Fra
CARNEVALE
Urbino?
1420 /1425
–
Urbino
1484
Madonna and Child
[Madonna col Bambino]
c.1445
tempera on woold panel
49.7 (h)
x 30.6 (w)
cm
Accademia Carrara, Bergamo
Legacy of Guglielmo Lochis 1866
A flaxen-haired Madonna grasps her naked blond Child, teetering atop a tilted balustrade or parapet. She firmly holds his left arm and opposite foot, as if to stop him tumbling off. The Child looks out at us, while she looks down and away, foreshadowing the sadness of his fate. The Madonna’s richly coloured clothes dominate the painting. Her royal blue cloak almost covers a green robe; her light red dress enhances the pink flesh tones and is picked up in the bright red book cover on a shelf behind. Both figures have flat gold haloes, Christ’s decorated with a red pattee cross. The elegant architectural setting is incomplete; a corner or niche in which the couple is standing is accentuated by the sharply angled foreground and adds to the sense of precariousness. The sloping white forms below the blue sky are difficult to read. A snow-covered landscape has been suggested.[1]
The authorship of this panel has been vigorously disputed, and has changed often since Guglielmo Lochis attributed it to Fra Filippo Lippi,[2] with whom Bartolomeo Corradini (later Fra Carnevale) studied in the mid 1440s in Florence. As Giovanni Valagussa concludes however, the work rests securely within the circle of Lippi due to its clarity of light, sharply cut forms and vivid colours.[3]
A distinctive feature of the panel is the capital of the column, which has been described as having ‘the quaint liveliness of a lettuce leaf’.[4] The capital with circular base seems to offer a loose interpretation of the capitals in Filippo Lippi’s Madonna and Child enthroned with Saints for the Medici Novitiate altarpiece painted in the mid to late 1440s. It is similar to those on the portal of San Domenico church in Urbino, which Fra Carnevale has been associated with, either as designer or supervisor of its building. This implies a later date for the panel, as Corradini returned to Urbino in 1449 where he became a monk with some architectural duties in the town.

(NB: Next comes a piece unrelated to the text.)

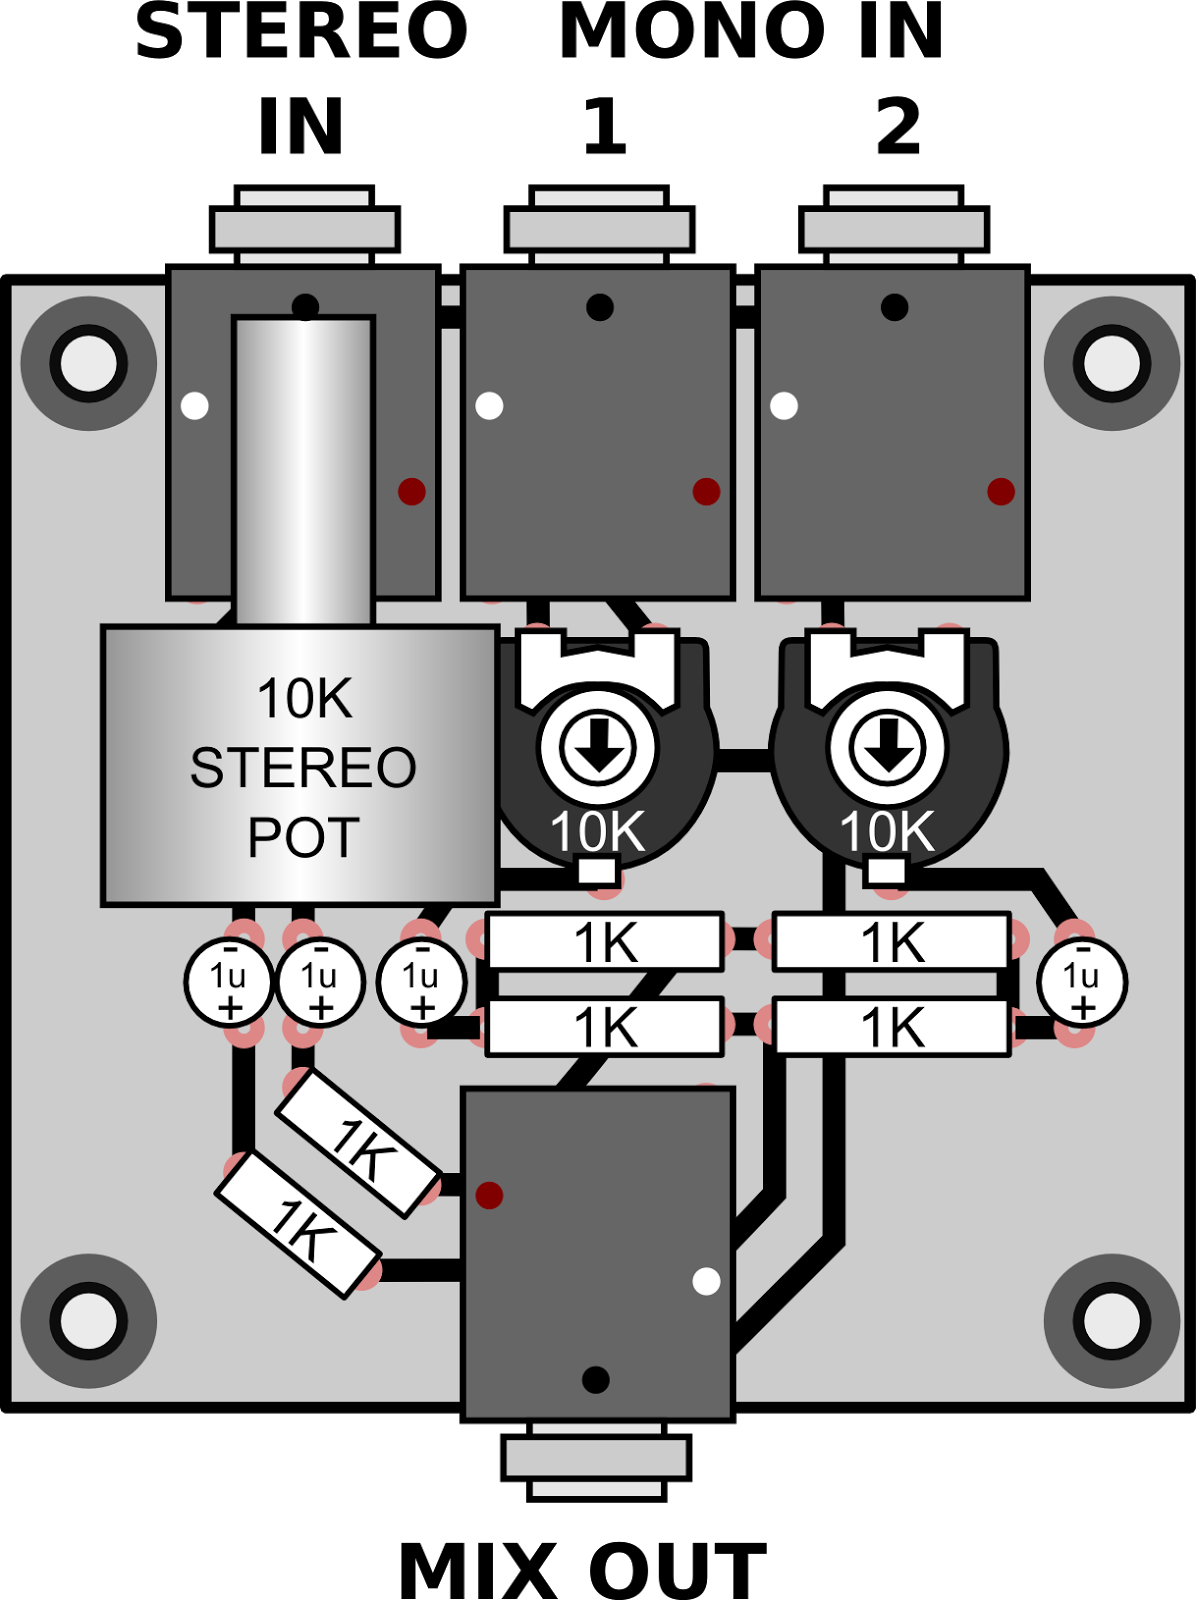 4 Channel Audio Mixer Schematic Manual Guide Wiring Diagram Circuit Therandomlab Simple Passive Mono Stereo To

Despite his career in architecture, and his familiarity with Alberti,[5] who visited Urbino sporadically in the 1450s and 1470s, Fra Carnevale’s presention of perspective is erratic. On the right the shelves appear fairly accurate; books, symbols of culture and learning, are balanced on the left by the window and its view of the natural world. But the single perspectival viewpoint fails when we look at the curve of the arch. The oddness of the architecture may have been emphasised by the panel having been cut down. Its old wounds remain and have not been retouched by restorers: the passage of time can be seen in the scratches, scars and patches of exposed ground which have occurred over the last five centuries.
Christine Dixon
[1] www.accademiacarrara.bergamo.it, see catalogue under Machiavelli Zanobi, ‘il paesaggio innevato’ [the snow-covered landscape], viewed 30 August 2011.
[2] Fra Filippo Lippi (1406?–1469).
[3] Giovanni Valagussa, cat. 22, in Pittura italiana dal Rinascimento al XVIII secolo: Capolavori dell’ Accademia Carrara di Bergamo, Lausanne: Fondation de l’Hermitage, 2008, p. 106, cites artists from Lippi to Giovanni di Francesco, Giovanni Boccati, Zanobi Machiavelli, Pseudo Pier Francesco Fiorentino, Maestro di Pratovecchio to Fra Carnevale.
[4] Matteo Ceriana, ‘Fra Carnevale and the practice of architecture’, in Keith Christiansen (ed.), From Filippo Lippi to Piero della Francesca: Fra Carnevale and the making of a Renaissance master, New York: Metropolitan Museum of Art, 2005, p. 99
[5] Leon Battista Alberti (1404–1472).